Julian Barnes, O papagaio de Flaubert, Lisboa, Quetzal, 1988 [ed.
original: Flaubert’s Parrot, Londres, Jonathan Cape, 1984]
Tudo começa com um papagaio embalsamado num museu em Ruão. Dizem que
esteve na mesa de Flaubert enquanto ele escrevia Un coeur simple, conto
sobre Felicité, uma criada que concentra os seus afectos e a sua fé em Lulu, um
Espírito Santo materializado não em pomba, mas em ave tropical. Para o
narrador, Geoffrey Braithwaite, médico inglês obcecado por Gustave Flaubert,
algo que poderia não ser mais do que um fait-divers, torna-se no elo de
ligação com o autor e numa pista que o conduz na busca da sua biografia, a
verdadeira biografia, não a perpetuada pela tradição e pelos escritos
académicos.
Braithwaite odeia críticos literários, – e escreve-o com todas as letras,
pouco antes de narrar o caso do exagerado (e inexacto) enfoque de uma
especialista em Flaubert na variação cromática dos olhos de Emma Bovary,
descritos tanto como sendo azuis, como verdes ou até negros – mas Braithwaite
não deixa de ser um. Braithwaite ou Barnes? A confusão/identificação entre os
objectivos do narrador e do autor é central neste romance que, numa certa perspectiva,
pode até ser confundido com um ensaio de crítica literária cujo objecto é
Flaubert, vida e obra, ou melhor, a vida inspirando a obra, ou até, talvez, a
obra narrando a vida. Essa ponte é estabelecida por meio de elementos
materiais. Não é só o papagaio, mas também o camelo, o cão, o urso (vide o
capítulo dedicado ao bestiário de Gourstave).

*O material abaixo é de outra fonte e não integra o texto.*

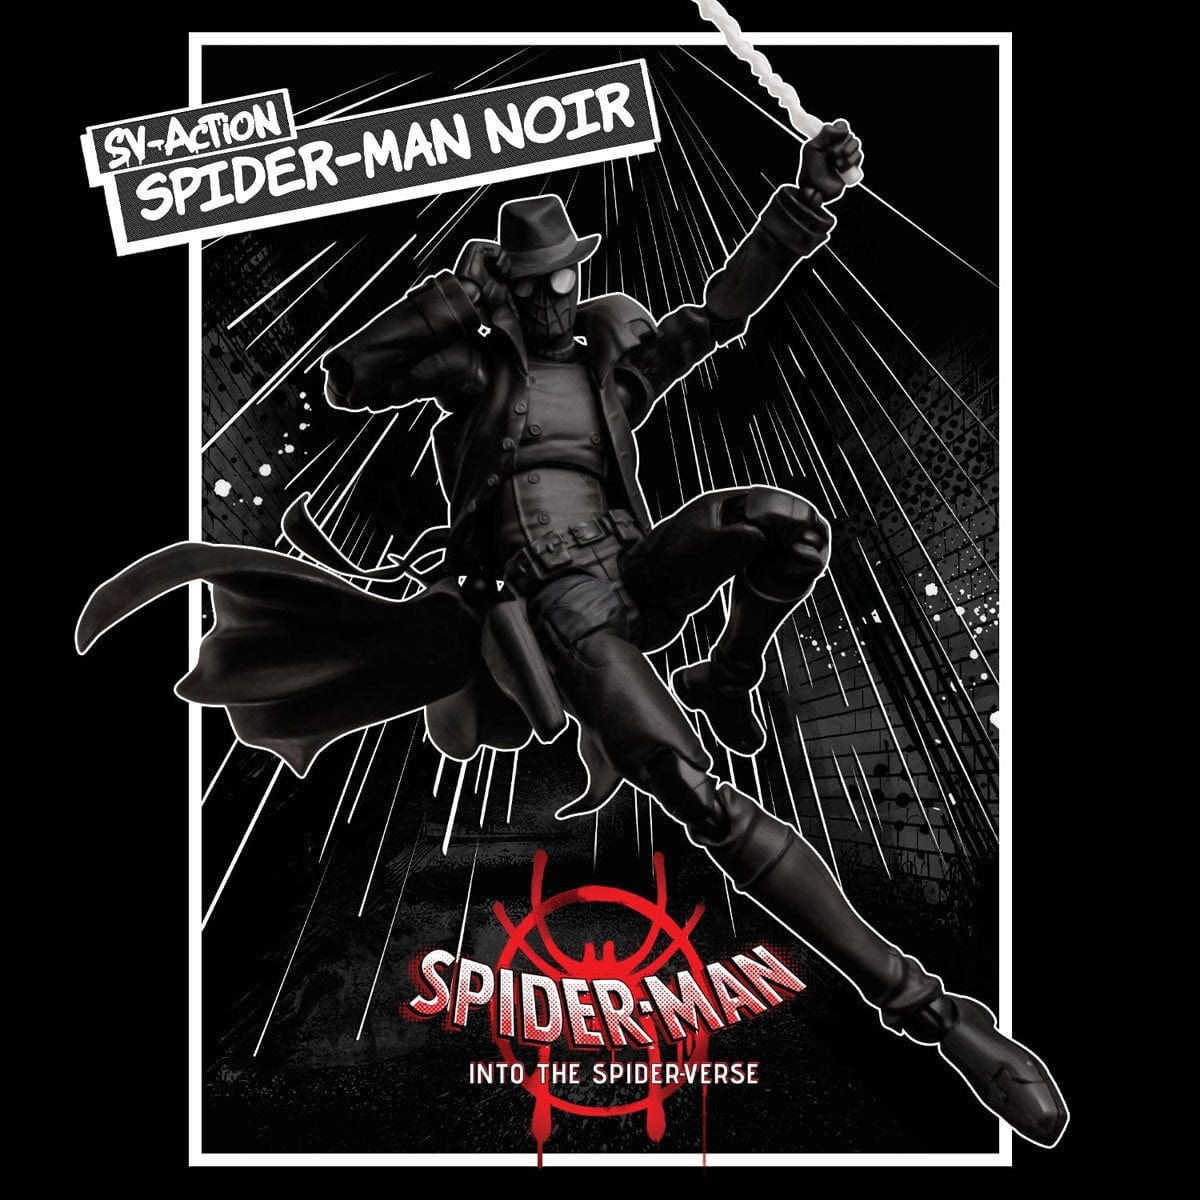 SV-Action Spider-Man: Into the Spider-Verse Spider-Man Noir Action Figure
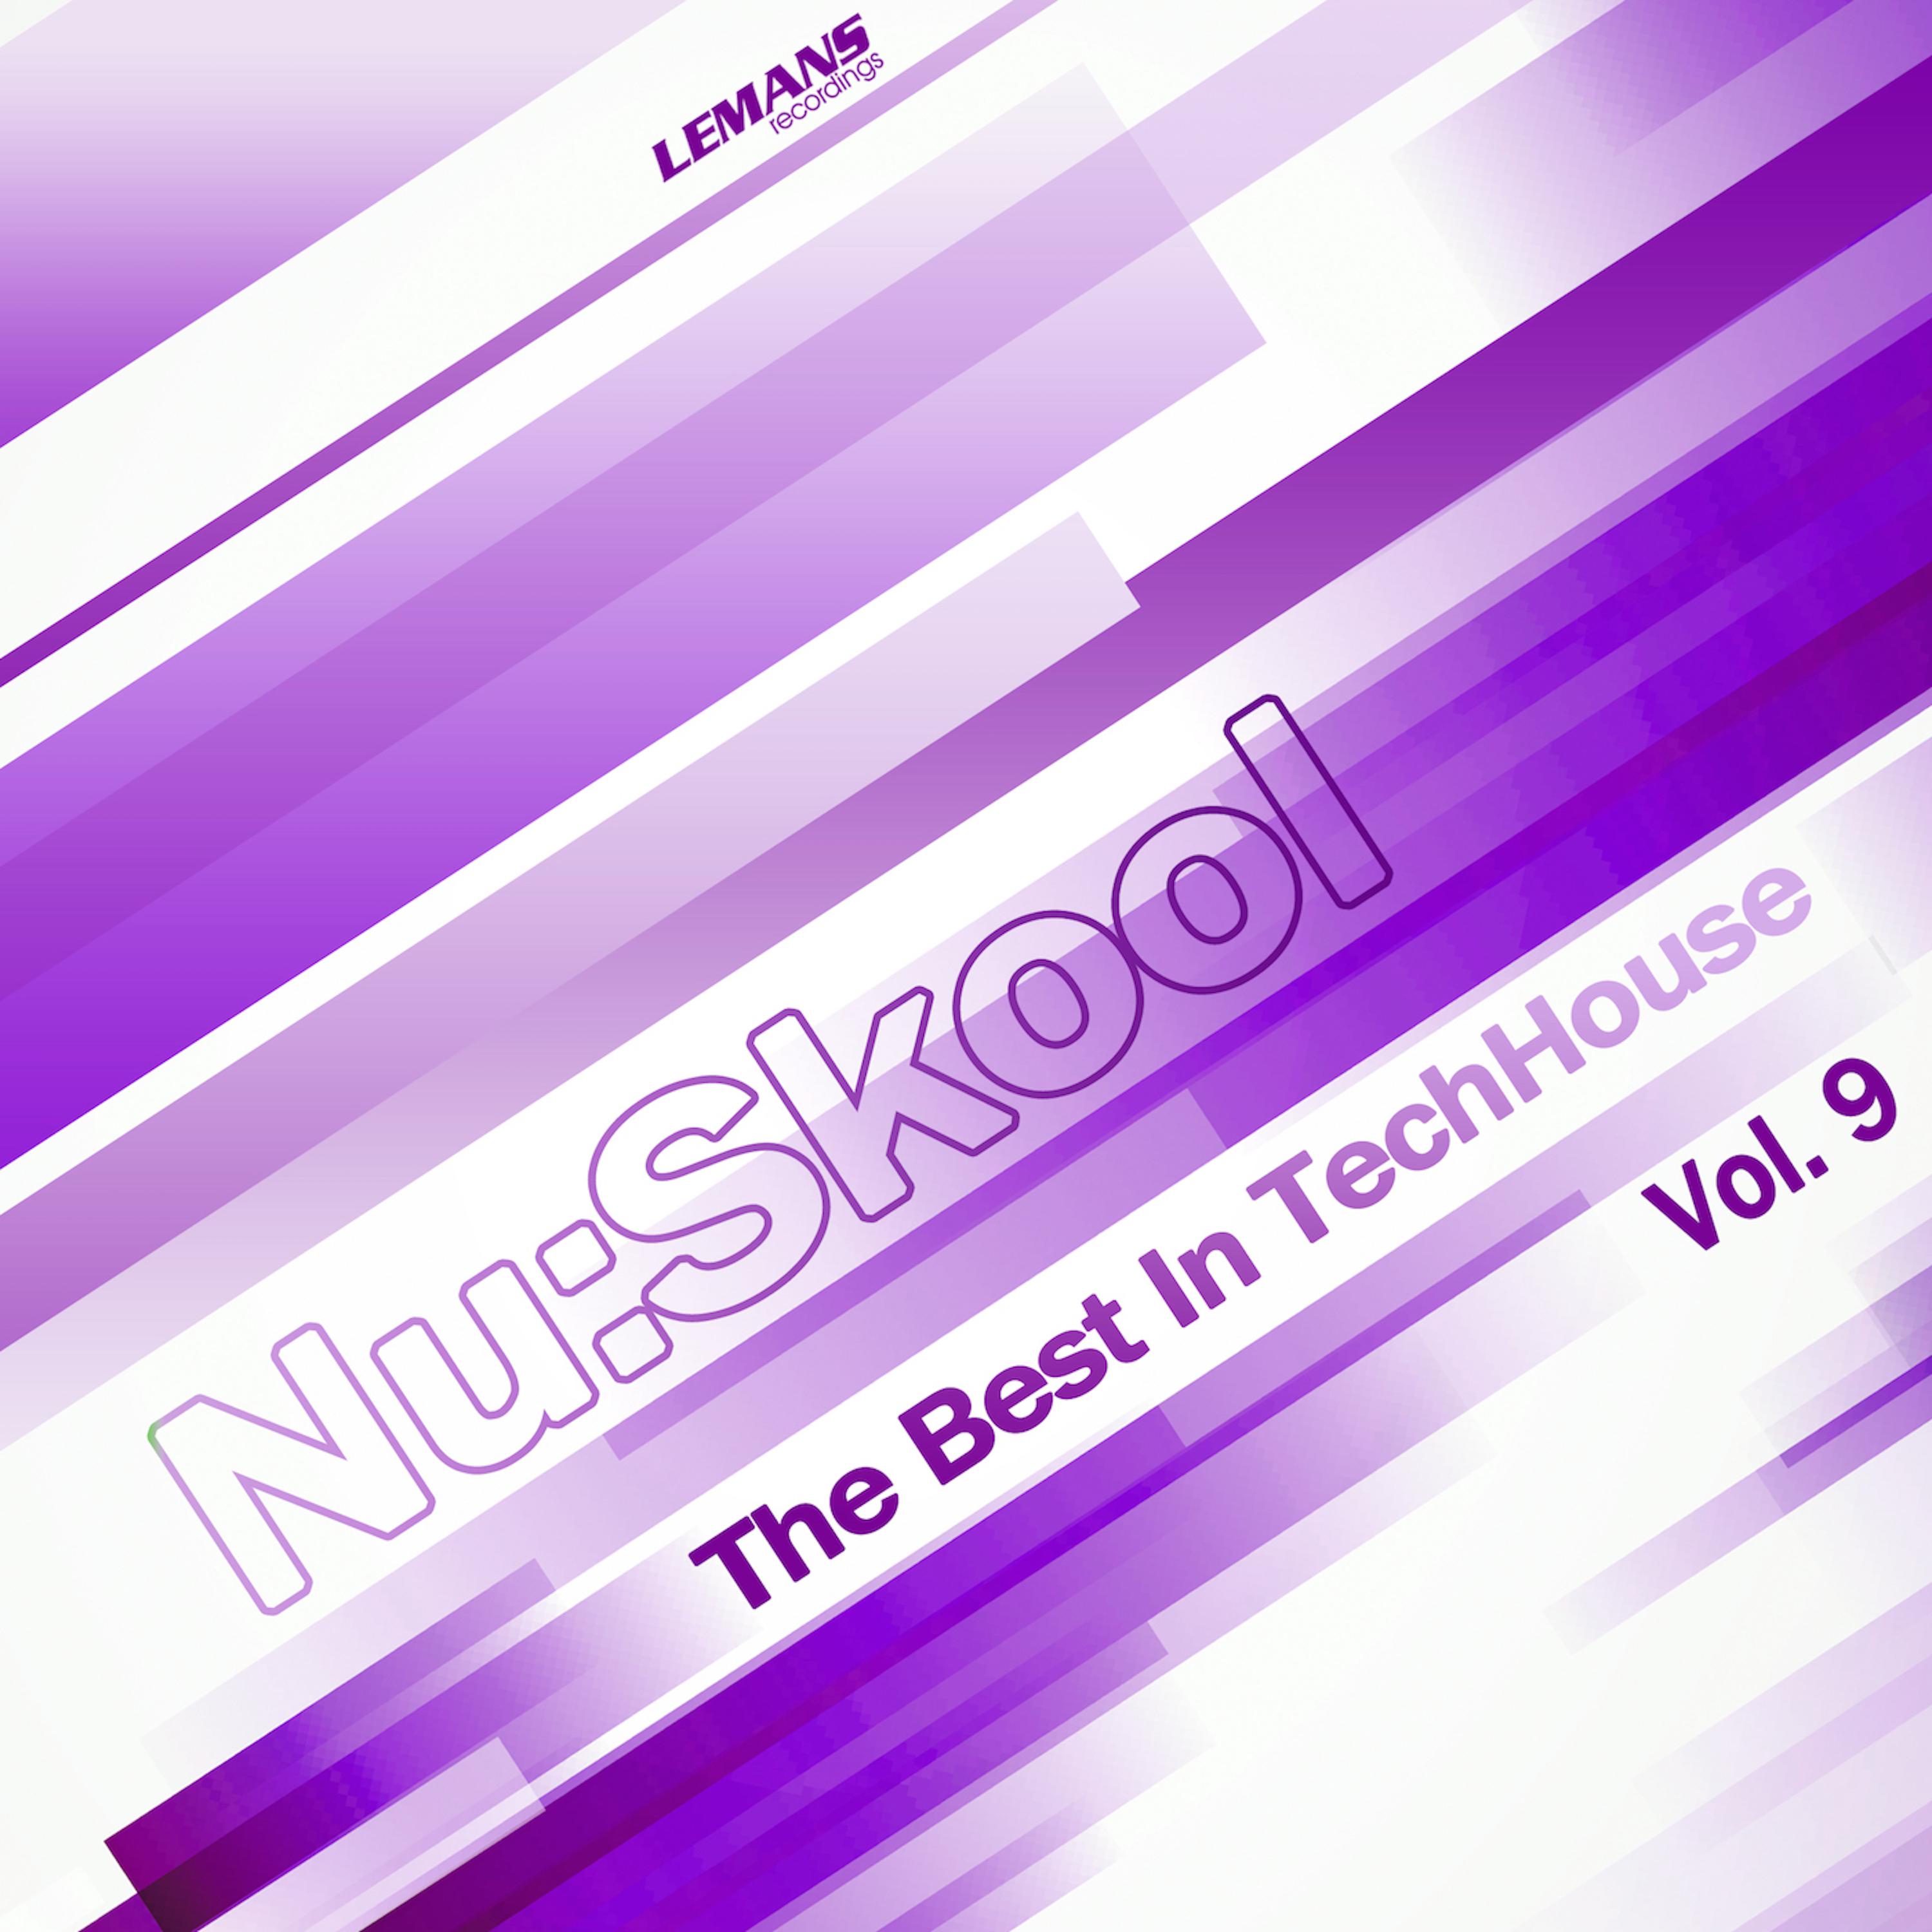 Nu:Skool - The Best in TechHouse, Vol. 9

Há ainda o comboio,
essencial na relação amorosa de Flaubert com Louise Colet, e a carruagem: “Em
Paris, Flaubert usou uma carruagem fechada para não ser visto e presumivelmente
seduzido por Louise Colet. Em Rouen, Léon usa uma carruagem fechada para
seduzir Emma Bovary. Em Hamburgo, um ano após a publicação de Madame Bovary,
podia-se alugar as carruagens para fins sexuais; eram conhecidas por Bovarys.”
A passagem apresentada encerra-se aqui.